1. Introduction

Academic production is increasing at a rate that has never been seen before in the context of today's dynamic social and economic environment. As of 2022, Scopus had 84 million records, including open-access materials, conference papers, grant information, and patent links [1]. Researchers, especially those working across disciplines, need support in keeping up with the rapid pace of change in this environment [2].

The sheer volume and variety of scholarly work has made manual data collection and organization increasingly difficult. Scientists are aware of these challenges and have turned to computational tools for help. Eight systematic reviews were analyzed by Ross-White and Godfrey [3], yielding 17,378 abstracts. From these, 122 abstracts met the criteria for inclusion, yielding 142 publications. Similar methods were employed by Bannach-Brown et al., who, over the course of nine months, screened 33,184 data using two reviewers working in tandem [4]. Getting systematic reviews from another 10,000 publications would take 40 weeks, according to another study [5]. Given the time-consuming nature of the search process, any way to increase the speed at which relevant papers can be retrieved is much appreciated.

As a result, data analysis of licensed materials is now possible because to the growing trend of publishers providing full-text access to their content. This convenience has allowed for new ways to visualize bibliographic statistics through analysis of bibliographic elements such as publication year, item type, and title. Visualization methods like these let scholars see the big picture and comprehend how their citations go together. In addition, the credibility of a research work can be gauged in part by its citations. Therefore, beginning the search procedure with the bibliography rather than the title, abstract, or review can improve efficiency and provide more fruitful results.

Data visualizations are essential for providing quick insight into otherwise obscure information. Pie charts, scatter plots, and word clouds are all examples of descriptive visualization techniques that can be used to create visual representations of a paper's content that can help readers better understand the work.
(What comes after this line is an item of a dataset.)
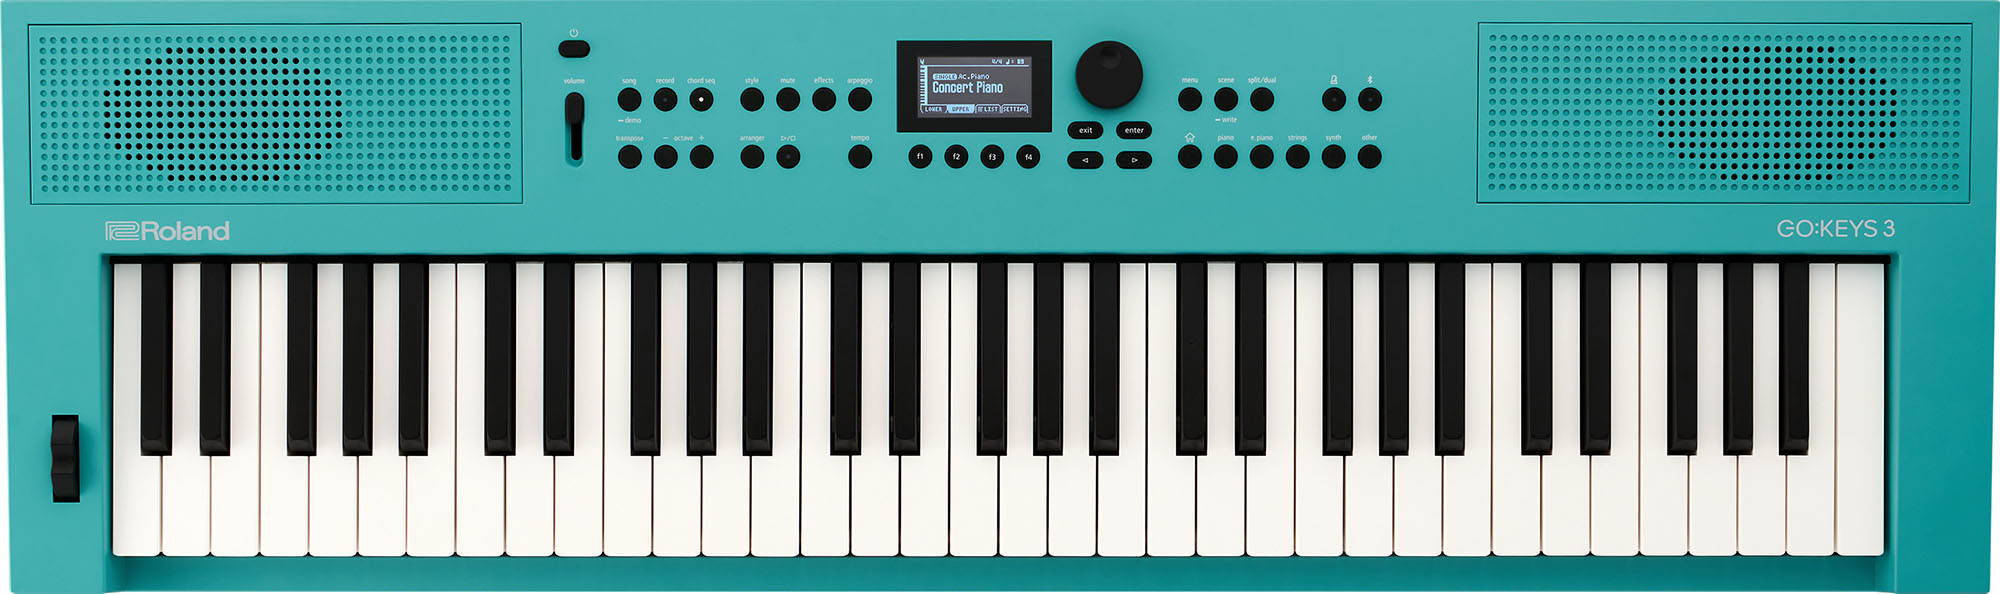 Roland GO:KEYS 3 Keyboard (Turquoise)
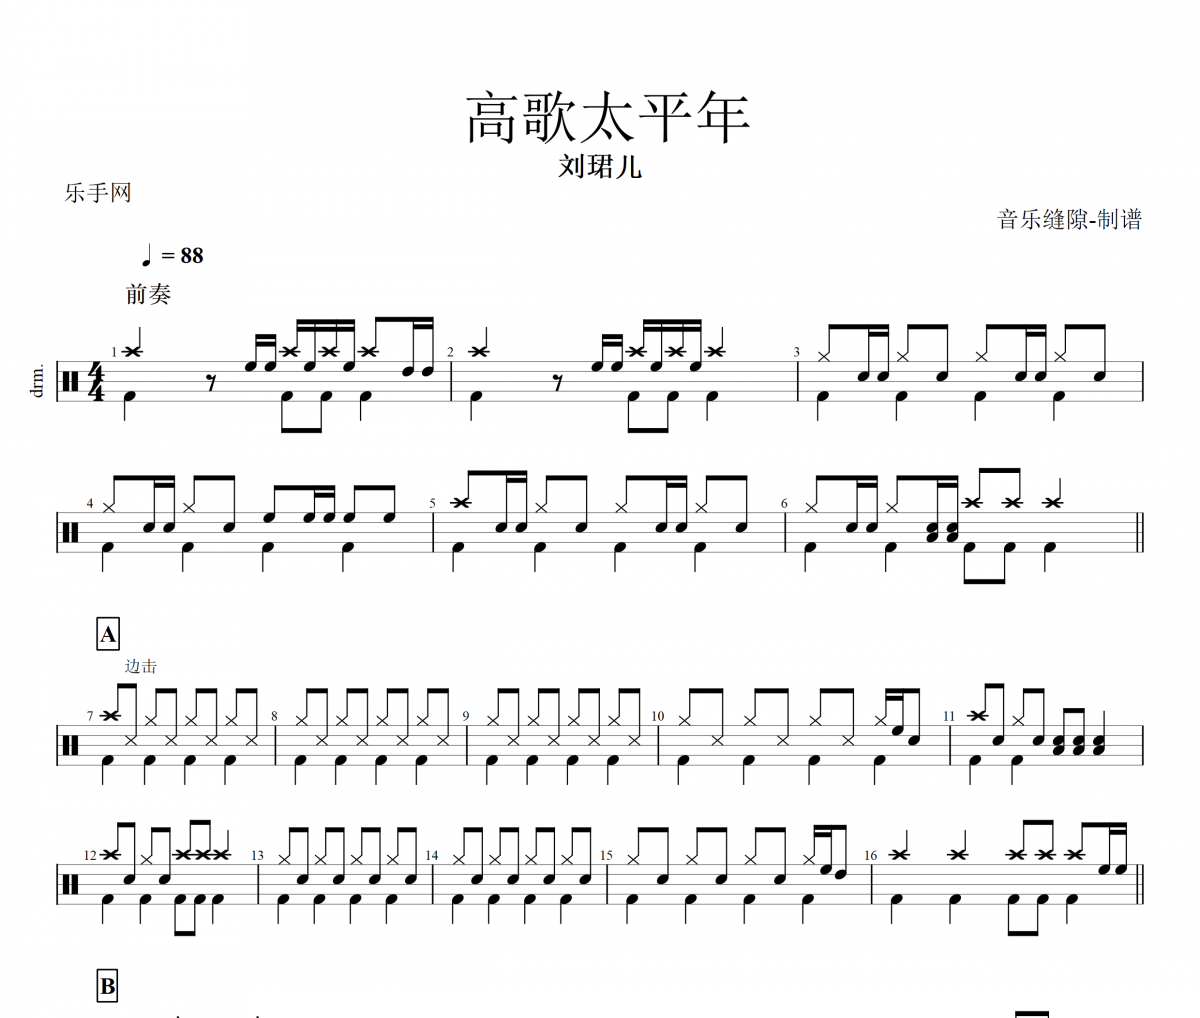 【春节】高歌太平年鼓谱 刘珺儿《高歌太平年》架子鼓|爵士鼓|鼓谱+动态视频

Researchers can save time on data analysis and interpretation by using visualizations to acquire quick understanding of key parts of the data [6]. In many scientific endeavours, graphs serve as the central focus. Creators of graphs demonstrate their expertise and convey their comprehension of data and findings, frequently drawing the attention of curious readers for the first time. The longer a viewer spends staring at a graph without understanding the data, the less likely they are to take anything away from the work [7].

Bibliographic trends in cited works shed light on the state of the art in several fields of study. Predictions of citation links between a query paper and prior works were proposed by Yu et al. using bibliographies [8]. Yu offers insights into the dynamics of knowledge diffusion and interconnections within the bibliographic network by taking into account a variety of parameters, including authors, topics, publication venues, and publication time .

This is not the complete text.